— What you need to do —
In the entries below, find the string "Design" and return each line holding it.

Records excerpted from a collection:
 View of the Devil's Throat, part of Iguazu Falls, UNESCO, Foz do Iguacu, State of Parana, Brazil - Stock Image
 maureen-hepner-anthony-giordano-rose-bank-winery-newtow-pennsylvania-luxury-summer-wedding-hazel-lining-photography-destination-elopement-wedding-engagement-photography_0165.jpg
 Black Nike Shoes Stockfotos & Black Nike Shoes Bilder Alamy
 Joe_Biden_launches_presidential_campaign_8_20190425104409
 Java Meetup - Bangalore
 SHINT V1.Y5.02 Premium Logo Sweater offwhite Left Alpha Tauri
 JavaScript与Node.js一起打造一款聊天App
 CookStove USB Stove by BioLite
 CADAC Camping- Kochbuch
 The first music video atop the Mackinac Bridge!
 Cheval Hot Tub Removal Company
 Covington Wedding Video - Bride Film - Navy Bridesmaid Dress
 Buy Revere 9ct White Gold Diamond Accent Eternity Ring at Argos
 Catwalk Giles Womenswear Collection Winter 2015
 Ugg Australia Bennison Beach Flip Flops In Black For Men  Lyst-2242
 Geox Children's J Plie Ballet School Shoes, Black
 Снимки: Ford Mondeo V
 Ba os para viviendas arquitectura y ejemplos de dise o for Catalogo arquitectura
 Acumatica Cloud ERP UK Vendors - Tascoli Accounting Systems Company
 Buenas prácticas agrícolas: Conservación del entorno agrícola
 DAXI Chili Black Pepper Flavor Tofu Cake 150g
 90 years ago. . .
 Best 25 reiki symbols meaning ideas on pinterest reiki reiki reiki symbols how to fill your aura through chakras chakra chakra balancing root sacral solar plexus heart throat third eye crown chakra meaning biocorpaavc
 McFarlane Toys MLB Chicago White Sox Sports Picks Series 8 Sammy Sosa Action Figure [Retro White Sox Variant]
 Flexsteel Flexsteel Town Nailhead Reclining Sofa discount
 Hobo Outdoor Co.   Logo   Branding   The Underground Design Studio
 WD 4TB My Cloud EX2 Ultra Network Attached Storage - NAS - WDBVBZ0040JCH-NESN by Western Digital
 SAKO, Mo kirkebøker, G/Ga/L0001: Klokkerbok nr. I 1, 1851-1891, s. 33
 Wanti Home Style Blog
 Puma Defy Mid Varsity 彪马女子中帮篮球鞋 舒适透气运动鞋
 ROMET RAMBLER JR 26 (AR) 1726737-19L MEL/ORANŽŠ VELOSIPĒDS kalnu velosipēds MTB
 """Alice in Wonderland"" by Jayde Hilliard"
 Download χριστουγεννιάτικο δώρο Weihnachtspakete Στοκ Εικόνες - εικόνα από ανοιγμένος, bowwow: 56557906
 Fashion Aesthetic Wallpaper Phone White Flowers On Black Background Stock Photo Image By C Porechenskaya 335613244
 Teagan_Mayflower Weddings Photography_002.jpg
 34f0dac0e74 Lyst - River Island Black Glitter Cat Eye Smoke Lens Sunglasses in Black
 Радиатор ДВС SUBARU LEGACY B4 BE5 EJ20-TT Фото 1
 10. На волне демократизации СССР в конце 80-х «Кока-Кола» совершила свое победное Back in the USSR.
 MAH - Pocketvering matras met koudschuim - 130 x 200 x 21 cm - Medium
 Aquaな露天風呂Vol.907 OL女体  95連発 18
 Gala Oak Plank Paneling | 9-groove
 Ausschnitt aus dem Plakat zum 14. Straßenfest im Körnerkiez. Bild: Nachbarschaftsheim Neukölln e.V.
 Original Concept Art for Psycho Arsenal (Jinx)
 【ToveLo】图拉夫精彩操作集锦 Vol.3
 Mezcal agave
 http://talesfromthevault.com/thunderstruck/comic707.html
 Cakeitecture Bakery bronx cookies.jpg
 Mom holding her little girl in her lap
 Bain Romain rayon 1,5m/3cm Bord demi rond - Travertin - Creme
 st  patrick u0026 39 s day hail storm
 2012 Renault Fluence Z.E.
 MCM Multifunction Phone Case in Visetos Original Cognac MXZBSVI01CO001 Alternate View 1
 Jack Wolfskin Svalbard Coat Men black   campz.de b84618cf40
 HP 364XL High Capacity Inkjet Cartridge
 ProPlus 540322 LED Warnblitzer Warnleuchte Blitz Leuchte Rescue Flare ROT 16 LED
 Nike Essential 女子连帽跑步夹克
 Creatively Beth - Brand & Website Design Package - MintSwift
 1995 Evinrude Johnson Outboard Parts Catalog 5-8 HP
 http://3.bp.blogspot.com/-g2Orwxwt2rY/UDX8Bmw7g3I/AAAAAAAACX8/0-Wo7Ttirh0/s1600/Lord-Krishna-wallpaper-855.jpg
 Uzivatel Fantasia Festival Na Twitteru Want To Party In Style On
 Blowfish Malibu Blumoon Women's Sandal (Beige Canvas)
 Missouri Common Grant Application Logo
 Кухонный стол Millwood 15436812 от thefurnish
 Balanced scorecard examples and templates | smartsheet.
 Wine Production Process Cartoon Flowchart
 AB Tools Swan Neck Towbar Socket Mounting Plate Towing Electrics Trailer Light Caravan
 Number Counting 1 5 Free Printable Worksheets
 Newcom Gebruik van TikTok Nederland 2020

— Exercise answer —
 Hobo Outdoor Co.   Logo   Branding   The Underground Design Studio
 Creatively Beth - Brand & Website Design Package - MintSwift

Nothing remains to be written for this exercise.